A CPJ review of the journalist fatalities found substantial evidence that two local journalists, Ferzat Jarban and Basil al-Sayed, were directly targeted by government forces.
(CPJ/IFEX) – 14 March 2012 – Weeks of sporadic protests seeking government reform burst into full-fledged unrest on March 15, 2011, when thousands of demonstrators gathered in four Syrian cities. Within days, authorities had cut off news media access to Daraa, a center of the unrest, beginning a sustained effort to shut down international news coverage of the uprising and the government’s increasingly violent crackdown. As the civilian death toll has reached well into the thousands, according to U.N. figures, the last four months have taken a particularly dark turn for the press. Eight local and international journalists have been killed on duty since November, at least five in circumstances that raise questions about government culpability. Yet one year after the Syrian uprising began, killing the messenger has not silenced the message.
A CPJ review of the journalist fatalities found substantial evidence that two local journalists, Ferzat Jarban and Basil al-Sayed, were directly targeted by government forces. In addition, circumstantial evidence and witness statements point to the possibility that government forces may have taken deliberate, hostile action against the press that led to the deaths of three international journalists, Gilles Jacquier, Marie Colvin and Rémi Ochlik.
The Assad government has denied targeting the press but has not hidden its hostility toward independent journalists, effectively barring international reporters from entering the country to report freely. Colvin and Ochlik, who like dozens of other international journalists smuggled themselves into Syria through Lebanon, “must be spies or have links to terrorist organizations,” Syrian state media asserted after their deaths. As recently as Saturday, the state-run SANA news agency said authorities were warning international journalists that anyone smuggled into the country would be held “legally responsible for their actions and any repercussions” and that “traveling with terrorists” would be considered “tantamount to terrorism.”
CPJ interviews and news accounts show that foreign and local journalists hold a widespread belief that the government’s actions have raised the danger of reporting in a conflict area well beyond its normally high level. And numerous journalists who were with Jacquier when he was killed in January, and with Colvin and Ochlik when they were killed the next month, have said they believe the press was targeted by government forces.
“When I look back, it was an attack,” Paul Conroy told CBS News, describing a pattern of shelling that struck the makeshift press center in Homs, leaving him and French reporter Edith Bouvier injured and Colvin and Ochlik dead. A photographer for The Sunday Times of London and a British military veteran, Conroy told CBS, as he did other news outlets, that earlier shelling in the area had been random. “This” he said, “did what it was meant to do.”
And yet the effect on the press is not quite as it might seem. Syria, of course, remains very restricted and its coverage extremely limited. The international audience is largely reliant on two types of journalists: the local citizens-turned-videographers who have shot thousands of hours of footage, and the foreign journalists who have smuggled themselves into the country.
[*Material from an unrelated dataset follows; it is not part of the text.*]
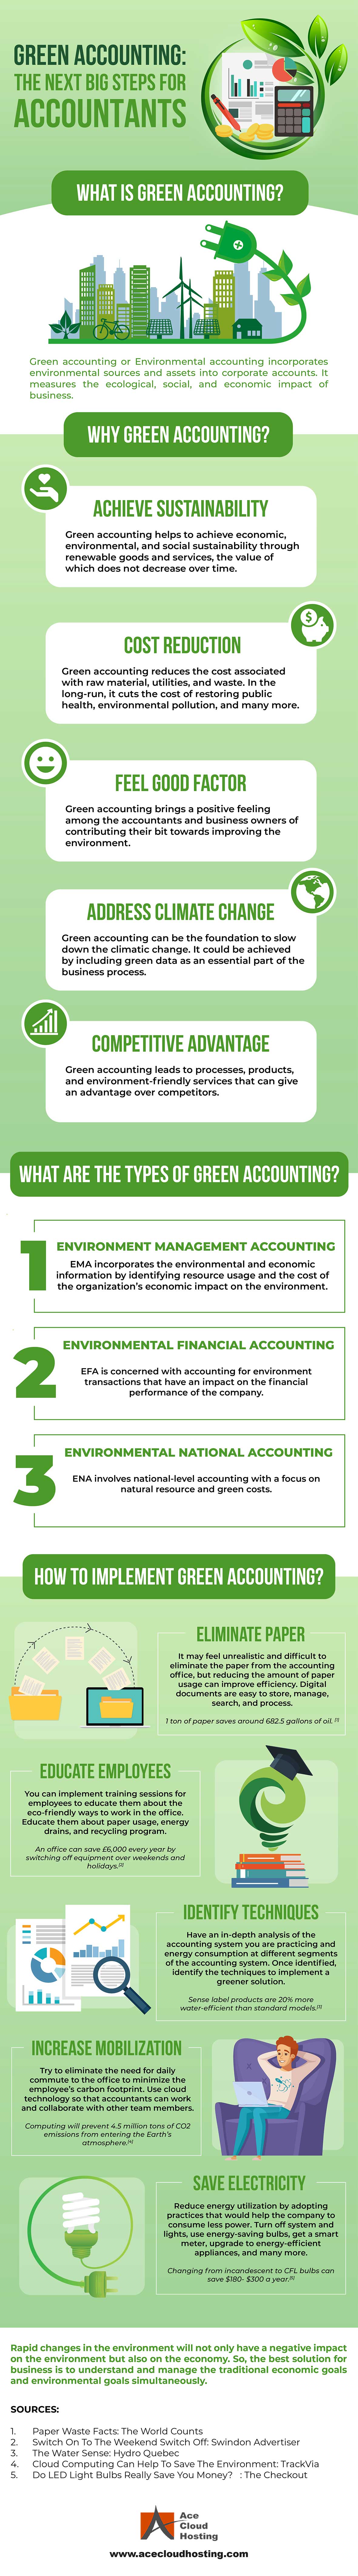 Green Accounting The Next Big Step for Accountants

But these two groups appear to have sustained their level of coverage all through the deadly weeks of early 2012. This week, Anita McNaught of Al-Jazeera English and Paul Wood of the BBC have openly reported from within Syria. On Monday, Al-Jazeera English released McNaught’s special report on conditions in Idlib, now a central front in the conflict. CPJ research shows that at least 20 other international journalists have publicly identified themselves as having snuck into Syria in the last two months to report on the unrest. The actual number is certainly higher since many journalists have kept a low profile.
The local journalists are essentially citizens who have filled a void in independent domestic coverage, risking their lives to document the crackdown. Several of these citizen journalists have each uploaded hundreds of videos to YouTube and other online sites that depict the activities of government forces and the toll on the civilian population. Their footage has been picked up regularly by international and regional news organizations. The pan-Arab channels Al-Arabiya and Al-Jazeera have been using news reports from some of these local journalists, transmitting their words and images via Skype.
Javier Espinosa, a Spanish journalist who was with Colvin and Ochlik in Homs, told CPJ he was struck by the resolve of the local citizen journalists, “They did not stop working,” he said, “because some of their team was killed.”